Path Context. A triple (terminal_start, path, terminal_end) representing a path between two leaf nodes in an AST, where path is the sequence of node types traversed from one leaf up through their lowest common ancestor and back down to the other leaf. code2vec [4] represents an entire code snippet as a bag of path contexts, then learns to aggregate them via attention into a single code vector. This is one of the earliest successful vectorized representations of program structure.

Program Dependence Graph (PDG). A graph combining both control-flow and data-flow dependencies. Nodes represent statements or expressions; edges encode both control dependencies (which statements control the execution of which other statements) and data dependencies (which statements produce values consumed by which other statements).

Sequence Length. The number of tokens in the input to a transformer model. This is the critical parameter for GPU memory in transformer-based approaches because self-attention memory scales quadratically with sequence length [9]. A 100-line function might be 300 tokens as source code, but 600–1,500 tokens when its AST is linearized via SBT [8]. Whole-program representations can reach tens of thousands of tokens.
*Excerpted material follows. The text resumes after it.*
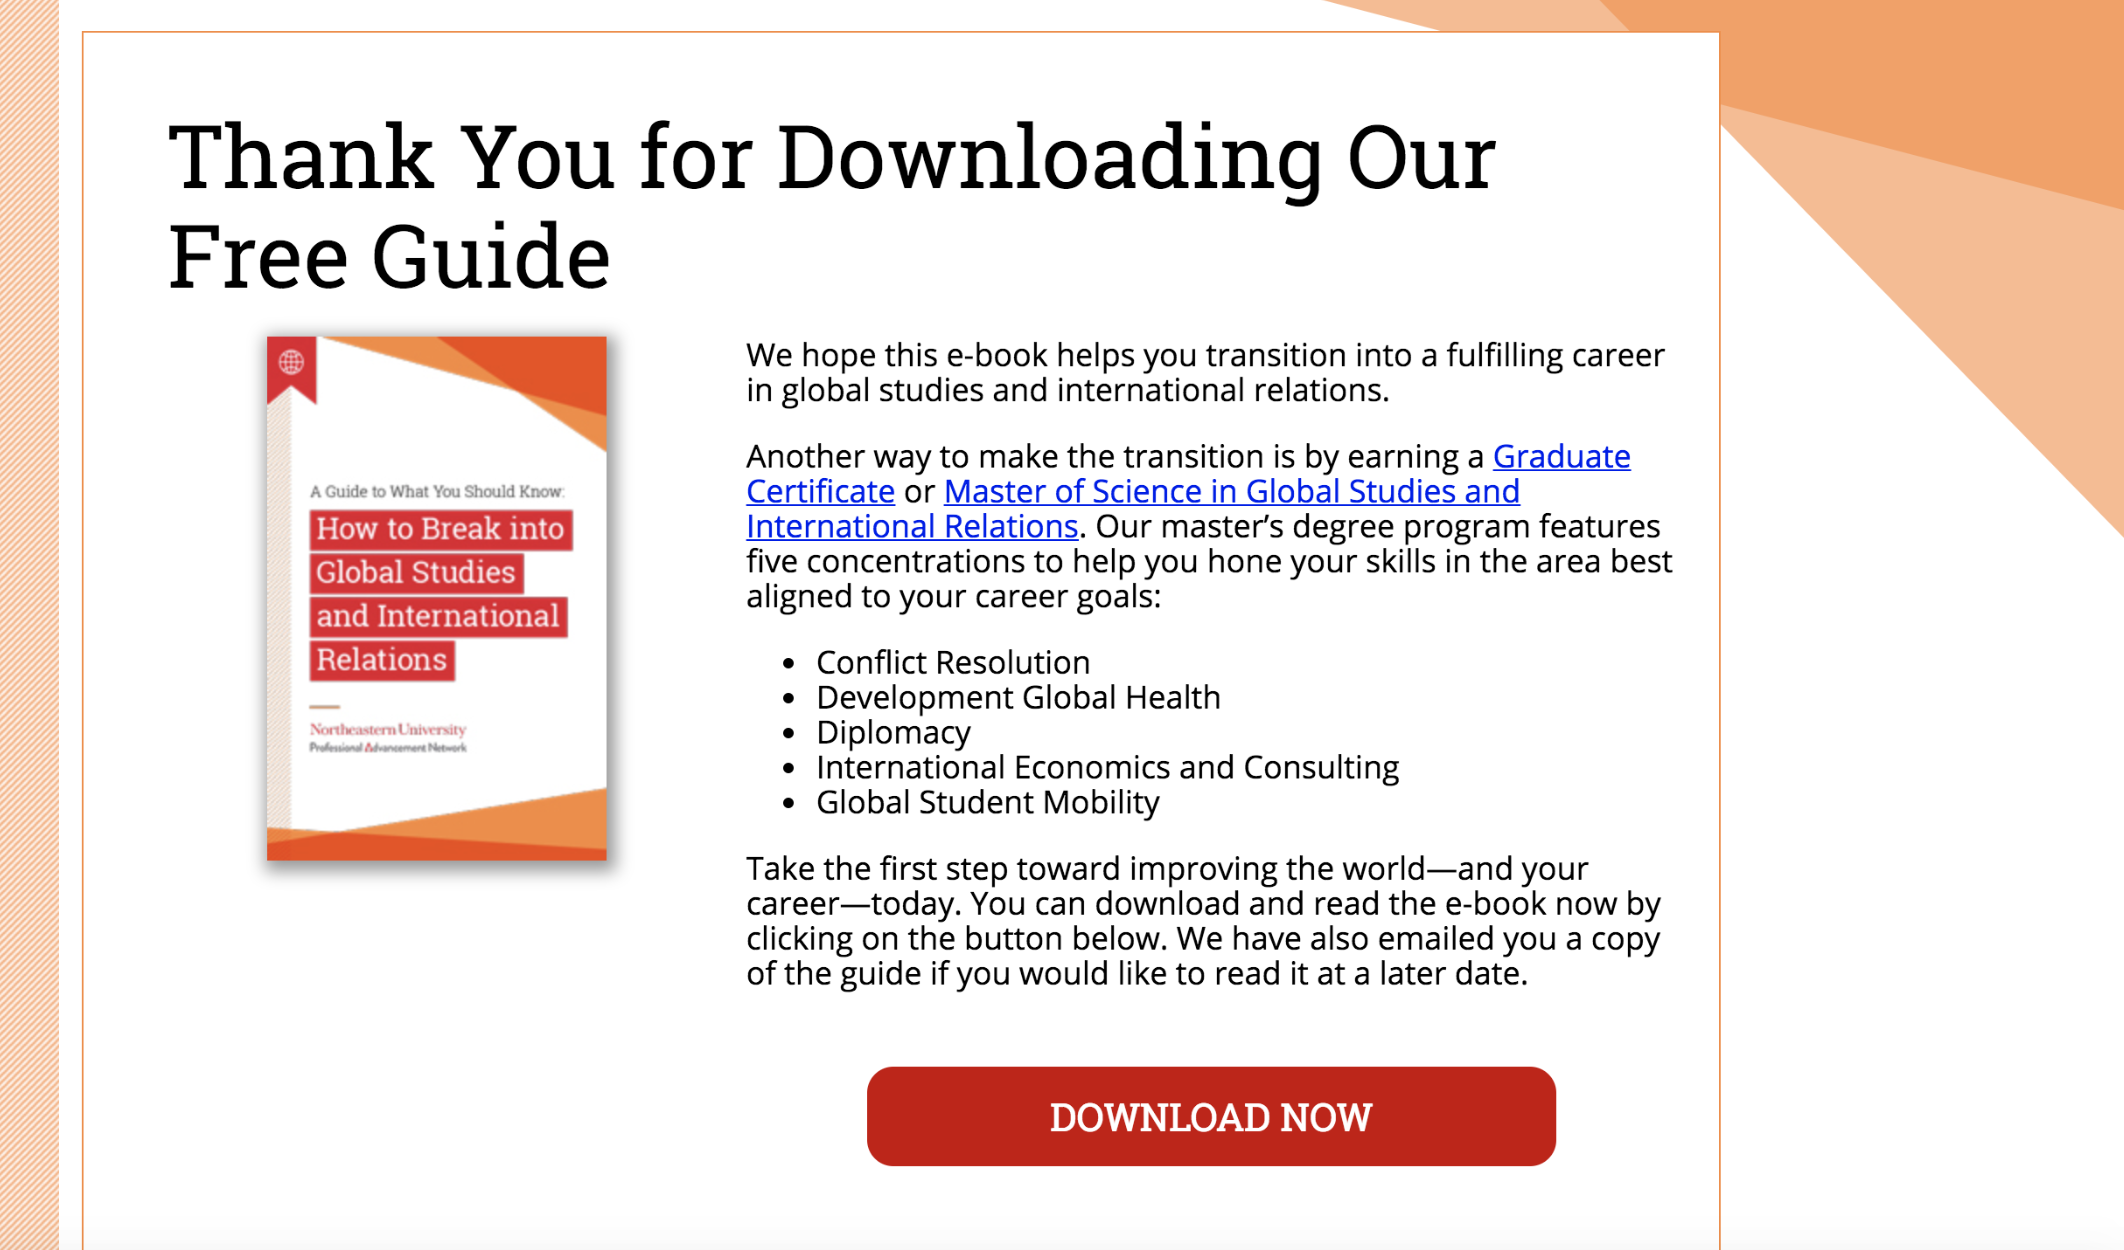 A Thank You page by Northeastern University offering a free guide in the form of gated content

Structure-Induced Self-Attention. A modification to standard self-attention where the attention weights are biased by structural relationships derived from code graphs (ASTs, CFGs, DFGs). Instead of computing attention purely from token content (query-key dot products), the attention score is augmented with terms encoding, e.g., the tree distance between two AST nodes or the presence of a data-flow edge between two variables [10]. This injects structural knowledge as an inductive bias without changing the transformer’s overall architecture.

3. The Representation Problem: From Structure to Vector

The fundamental engineering question for training on program structures is: how do you present a tree or a graph to a neural network? Every neural network ultimately operates on tensors of floating-point numbers. Trees and graphs are not tensors. The choice of how to bridge this gap determines the model architecture, the training data pipeline, and the GPU hardware profile.

The literature presents four major strategies, each with distinct properties. The following subsections describe what each produces as input to the model, and Section 4 details the architectures that consume them.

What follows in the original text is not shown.